The replication crisis was a huge red flag. Academia ignored it. At least overwhelmingly so judged by the sheer amount of social psychology degrees still being awarded and its holders seen as authorities. The truth is the crisis was just as much an embarrassment for psychology as it was for antisemitism studies. It meant that one of its foundations was falling apart. The moment this became clear, and the field acted like it never happened, it became, in no way unimportant in its goal, but somehow meaningless.

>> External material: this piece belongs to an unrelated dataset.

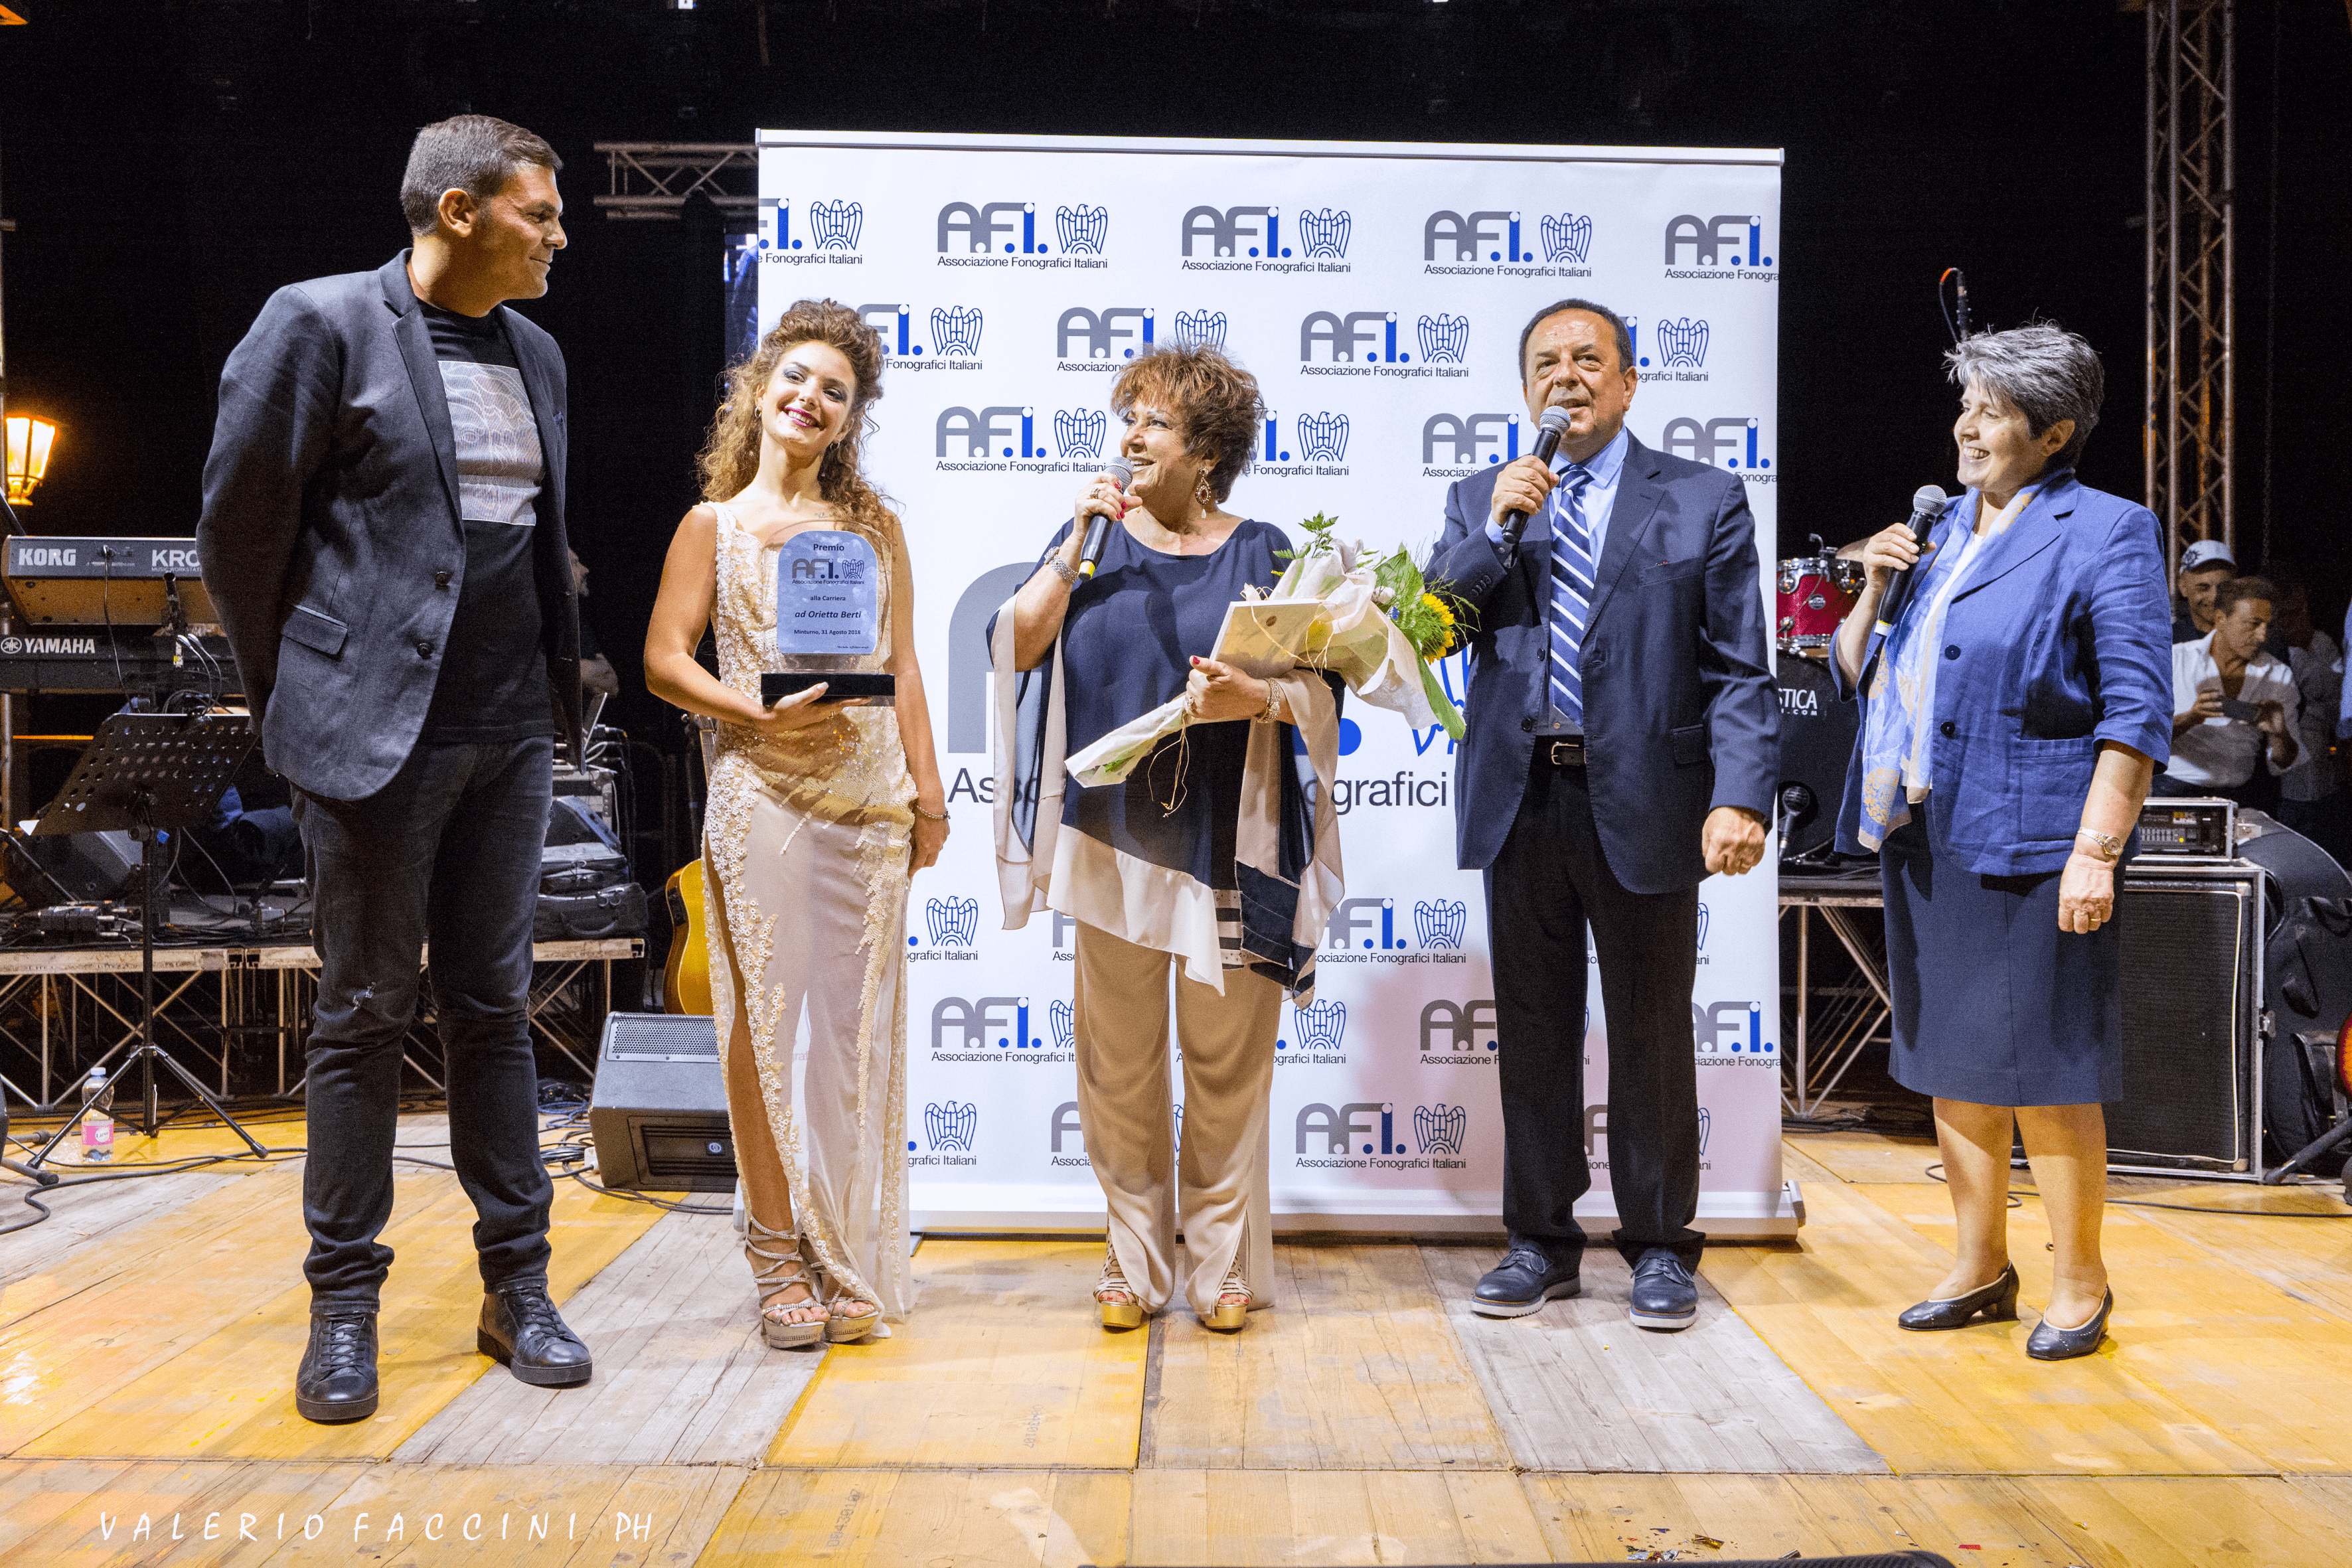 Da destra: la Vicepresidente AFI Suor Livia Sabatti, Il Consigliere Generale Pasquale Mammaro , Orietta Berti e il Presidente AFI, Sergio Cerruti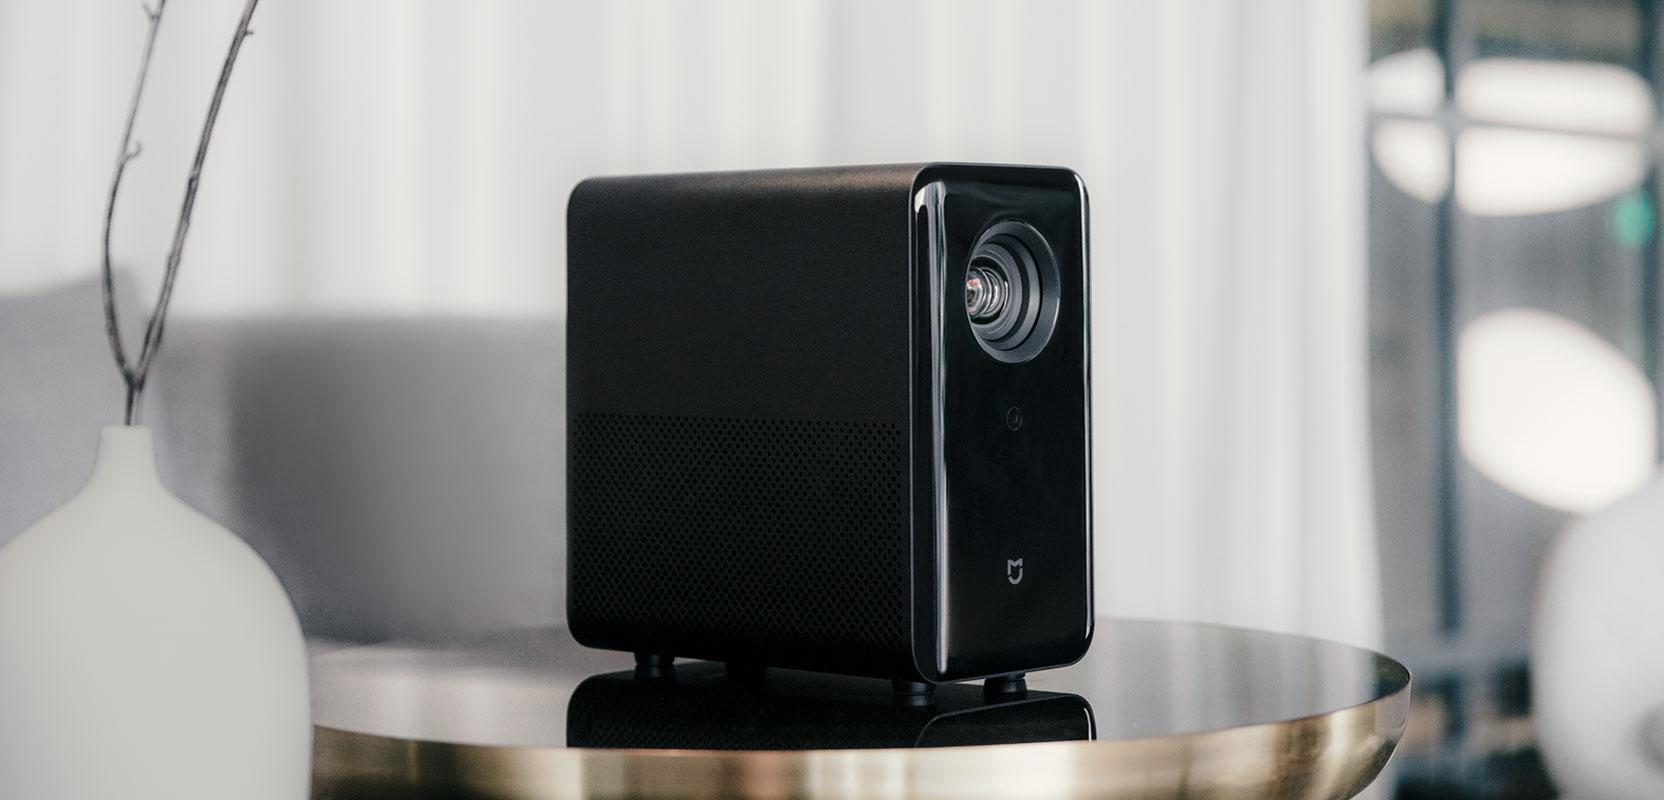 Aniversario de Geekbuying - Xiaomi Mijia Projector

The ramifications of this crisis extend far beyond academic circles. Social psychology’s ideas often influence public policy and societal attitudes, making the field’s credibility crucial. The ongoing replication crisis highlights the need for rigorous scientific practices and greater transparency in research. False findings not only mislead other researchers but also misinform the public and policymakers, leading to misguided decisions with real-world impacts. In May 2023, Biden’s White House issued the ‘U.S. National Strategy to Counter Antisemitism‘ and wrote under ‘Executive Branch Actions’ to reach out to the scientific research community and to encourage research on hate including those on social psychology. This is deeply troubling. Perpetrators could be freed of any responsibility for their evil acts while justified actions – including antisemitism studies itself – could be discredited as insane. During the U.S. Civil Rights Movement black men, for instance, were discredited as ‘schizophrenic’, while labelling political or religious dissidents ‘insane’ is a common practise in dictatorships, too. Numerous examples of the systematic political abuse of psychiatry in the Soviet Union speak to this. It has, in fact, been estimated that about one-third of the political prisoners in the Soviet Union were imprisoned in psychiatric hospitals during the 1970s and 1980s.
Contemporary academia is generally underestimating the complexity of the world. The early successes of hard sciences led us to mistakenly believe that the world is as straightforward as it is within the laboratory. The psychological understanding of antisemitism is, at best, an oversimplification that underestimates the complexity of human life. In doing so, psychologists replace justice with empathy, and a false one at that.